Sur des tables de pierre
Au moment de franchir la porte, une violente secousse fit vaciller l’ensemble du complexe. Le sol, les murs, l’éclairage, autant que les cœurs les mieux accrochés, furent ébranlés. Chancelant sous le poids de la surprise, la respiration altérée par l’angoisse oppressante, Jérémie, plaqué contre le sol, semblait hypnotisé par l’effet stroboscopique des veilleuses suffocantes.
« Restez près de moi, tenez bon, l’inquiétude ne sert à rien », dit Jonas dans le but de le rasséréner.
Le calme revint, les poussières expulsées des parois pierreuses achevaient leur ballet avant de mourir sur le sol terreux, non sans avoir offert ce spectacle kaléidoscopique dans son affrontement perdu contre la lumière.
Le silence était discontinûment interrompu par des râles aux tonalités souffreteuses.
« Qu’est-il arrivé ? » osa enfin demander Jérémie.
« Nous avons peut-être été repéré…je n’ose imaginer que cela soit arrivé par votre faute. » asséna froidement Jonas.
Sans qu’il s’en aperçu, la main de Jérémie se crispa sur le bras gauche de Jonas, auquel il s’était attaché machinalement au cours de l’attaque. Se sentant déjà redevable d’une dette qu’il songeait ne jamais pouvoir honorer, il était maintenant potentiellement la cause de leur perte. Ravalant sa salive, aussi amère qu’un acide lui rongeant les entrailles, l’anxiété semblait le consumer de l’intérieur.
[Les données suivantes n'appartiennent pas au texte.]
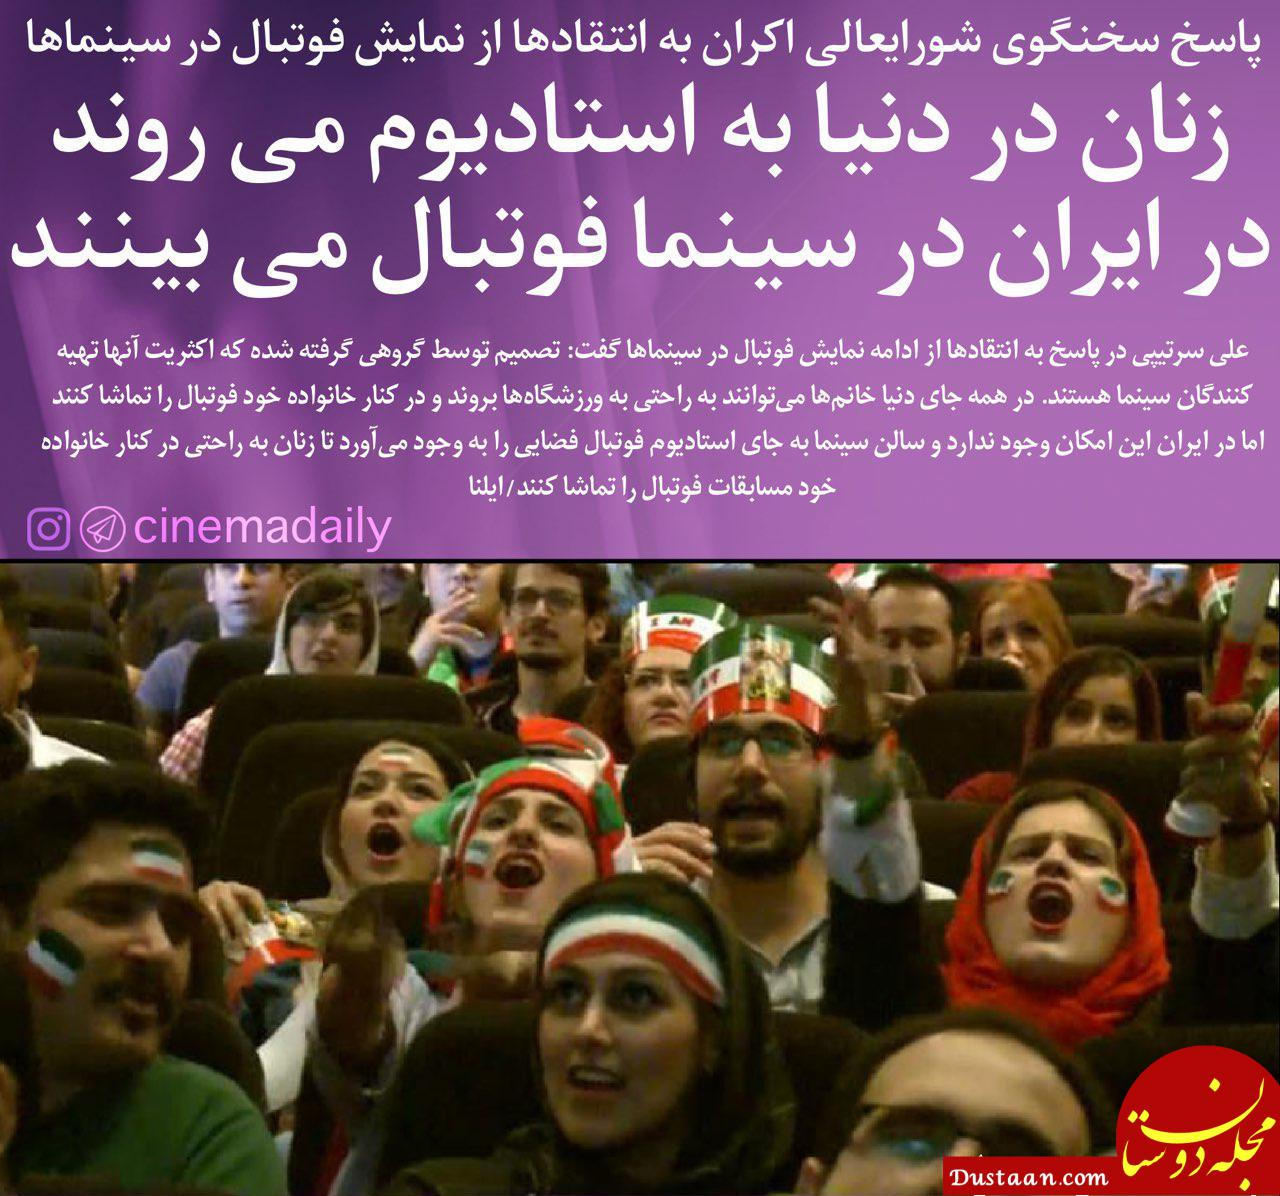 www.dustaan.com زنان در دنیا به استادیوم می روند، در ایران در سینما فوتبال می بینند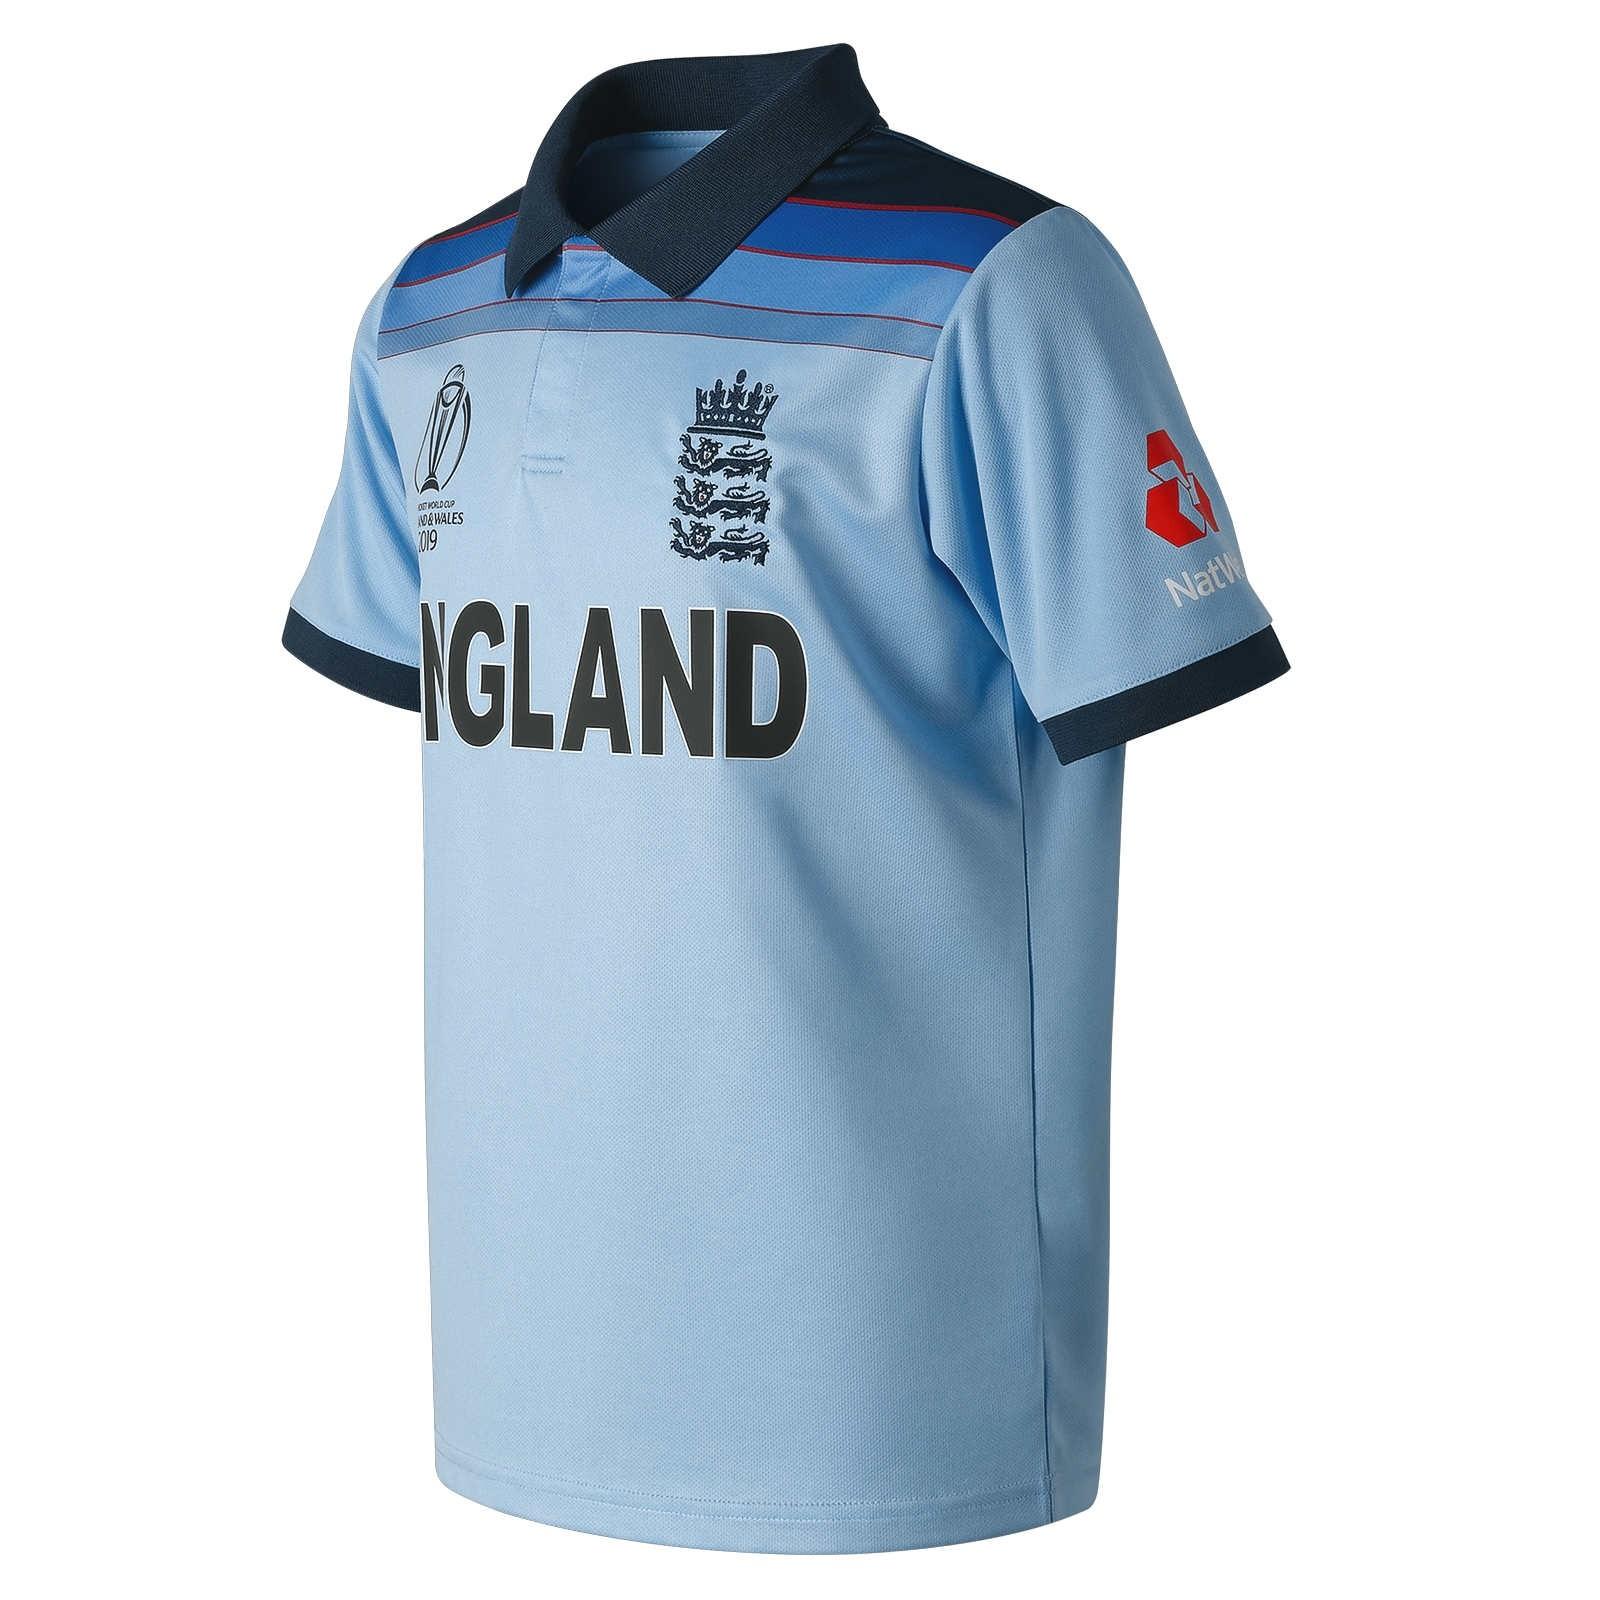 2019 New Balance England Cricket World Cup ODI Replica Junior Cricket Shirt

Il parvint tout de même à lâcher le bras de son bienfaiteur et à deviner que Jézabel s’enquérait de son état, non qu’il entendait quel que son que ce soit, mais il devinait les mots articulés par les déformations de la bouche de cette jeune femme aux expressions fières et décidées.
« Monsieur Quint ? Tout va bien ? Vous m’entendez ? Monsieur ?! » insistait Jézabel.
« Oui…euh, oui, très bien, et vous ? Et les autres ? » marmonnait Jérémie, avec le regard de quelqu’un ne maîtrisant pas plus sa pensée que ses mots.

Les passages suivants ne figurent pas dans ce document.